Resolved to visit M in Mission Hospital. It has been thirty years since I was there, and I'd forgotten how dauntingly enormous the place is. I parked at the exact farthest corner from the place I was meant to be, so I wandered through the mass of it. Reminded me of the several times I worked in hospitals. M was having a procedure and not in his room. I waited for an hour, but he didn’t come back, so I went on my way. He is so sick the presence of a visitor might not have been a pleasure anyway. Security is tighter at the hospital than I remember, or would have imagined. One is photographed, IDed, watched suspiciously in the corridors. That did allow me to ask directions quickly on those several occasions where I found myself lost. The view from the hospital windows is spectacular, frosty blue mountains rolling into the distance. 


Monday, January 6, 2025

Epiphany

 January 6, 2025

Epiphany. Almost incredibly inclement outside, with high winds from the north and swirling veils of grainy snow. The ground and low air skitter with robins. I’m glad I don’t rake my leaves, for they’re scratching around under them trying to find sustenance. They gather on my east porch, a little out of the full brunt of the wind. Little birds, sparrows and wrens and my handsome towhees, shelter in the tangle of raspberry stalks I leave outside the bedroom window, where I can see them from my bed. The wind and the trees and the birds all move in various directions, making the earth turbulent to behold. 

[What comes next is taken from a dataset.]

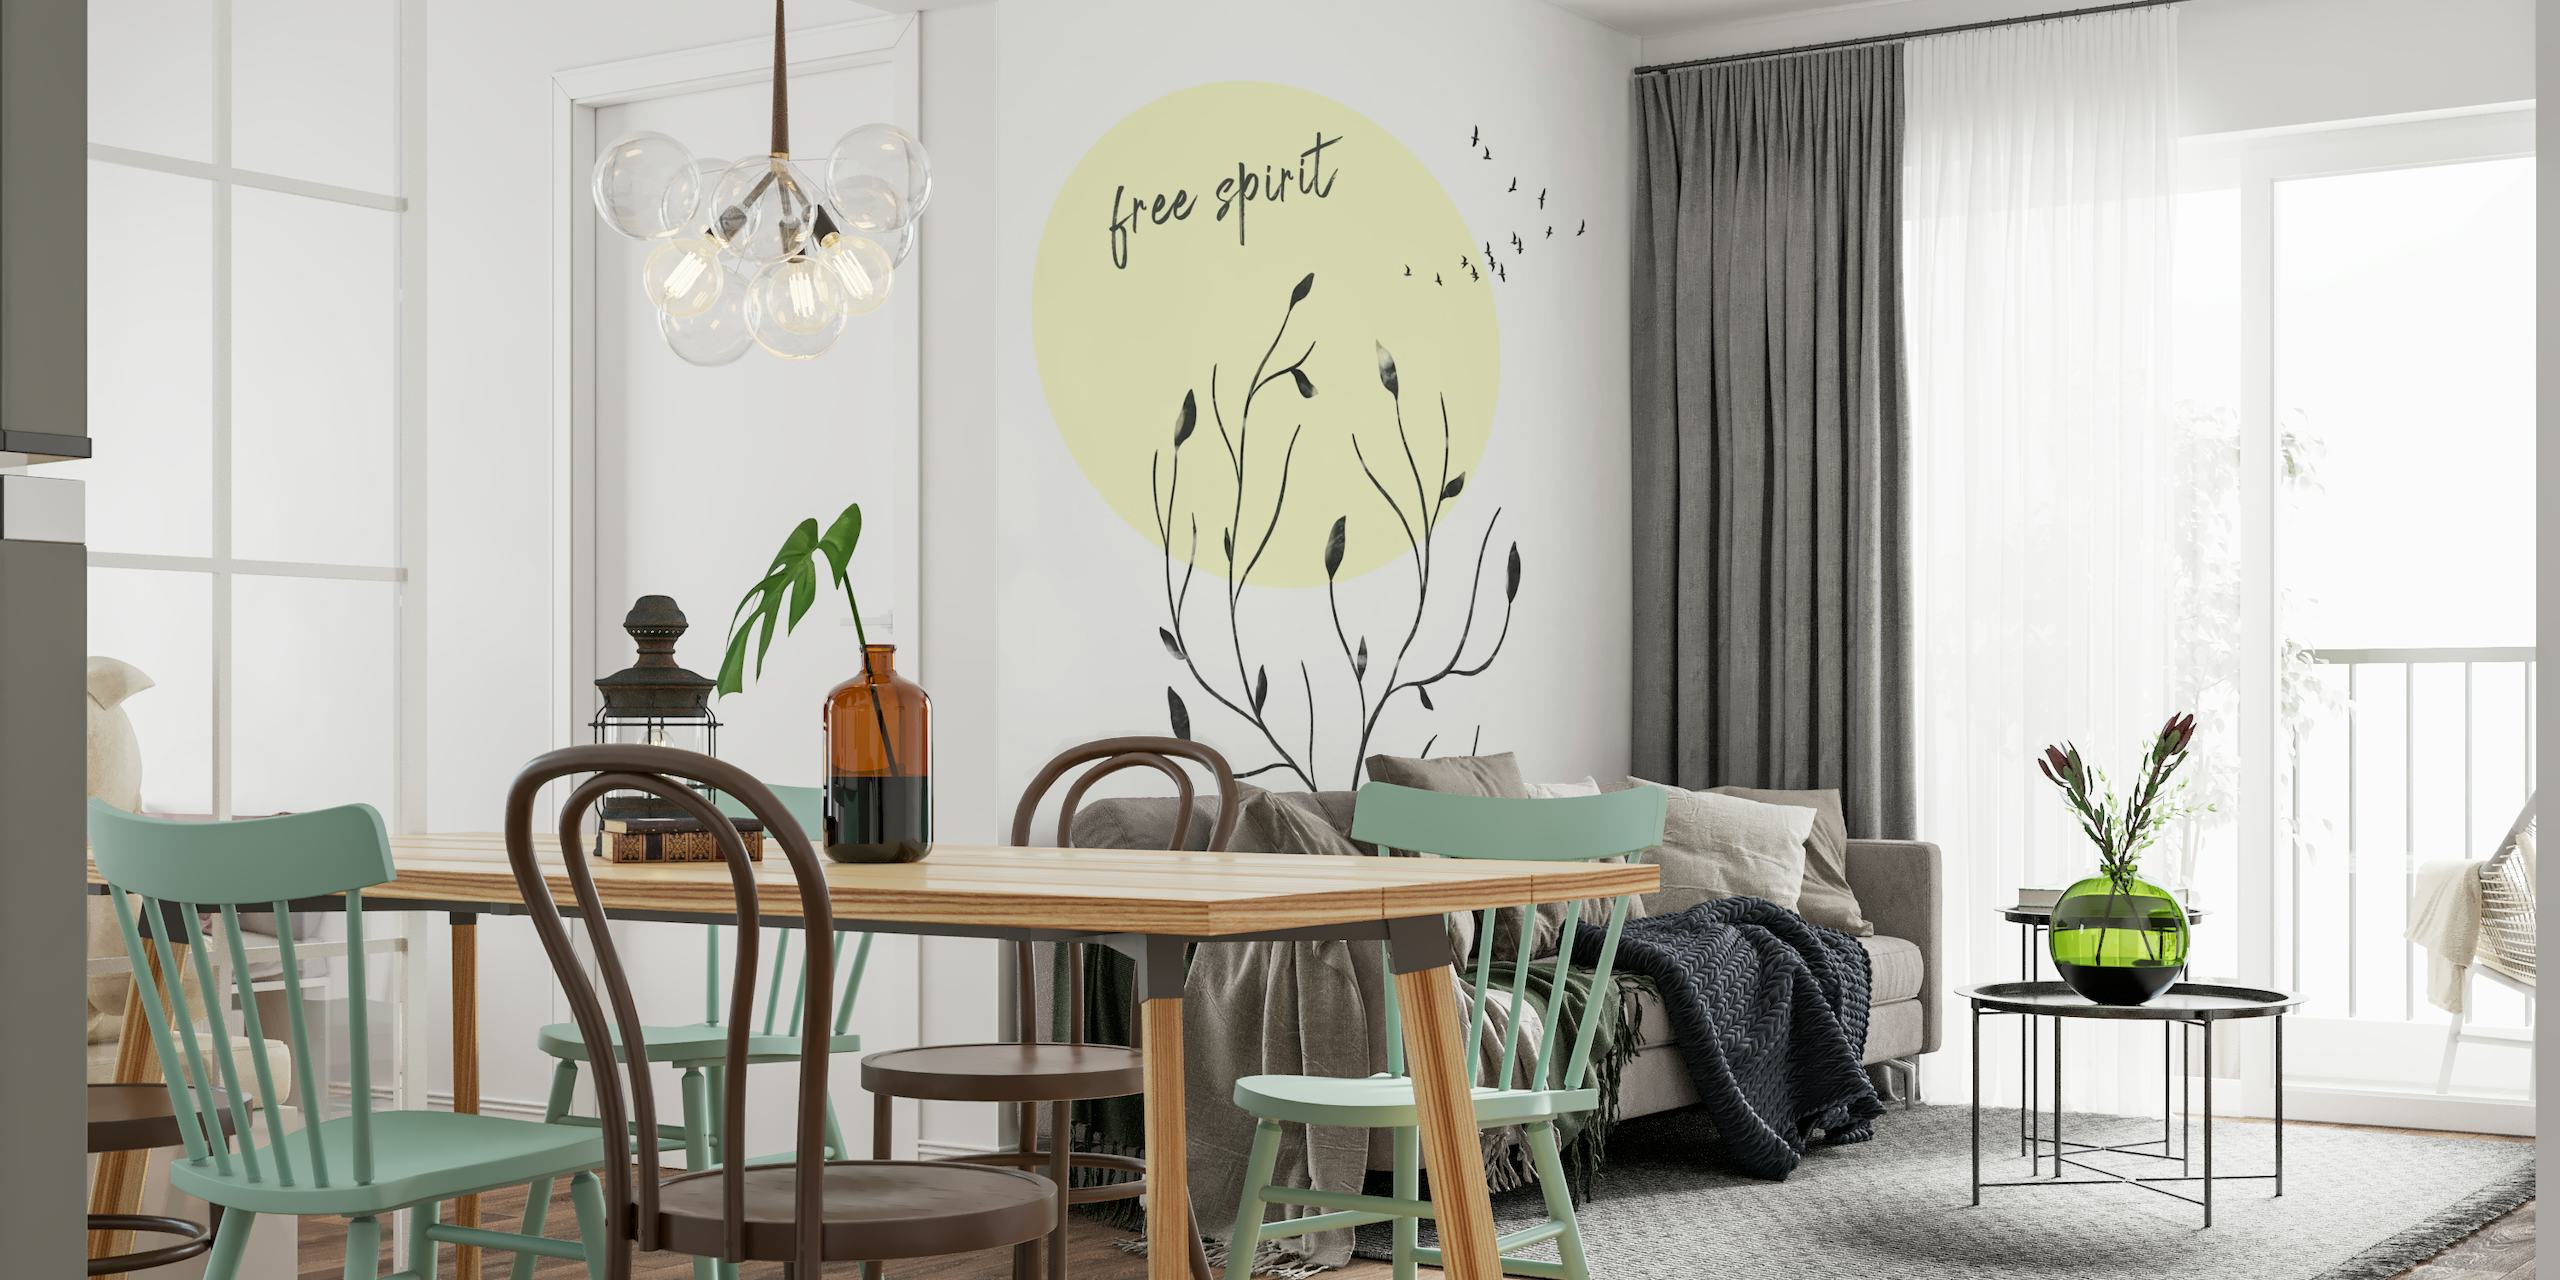 Minimalistisches Wandbild „Free Spirit“ mit botanischen Silhouetten und Text, in Creme und Schwarz mit einem gelben Kreis

I’ve been keeping this journal for 56 years. 

Looking up JG’s house, I strayed onto mine, discovering a bounty of former owners, and that my roof was new in 2005. All the photos online are from before I moved in, but as the place was when I first saw it. Certain listings cite my father’s care facility in Alpharetta and my former PO box downtown as former residences. 

Wind howling like Coleridge’s poem, and like Yeats’.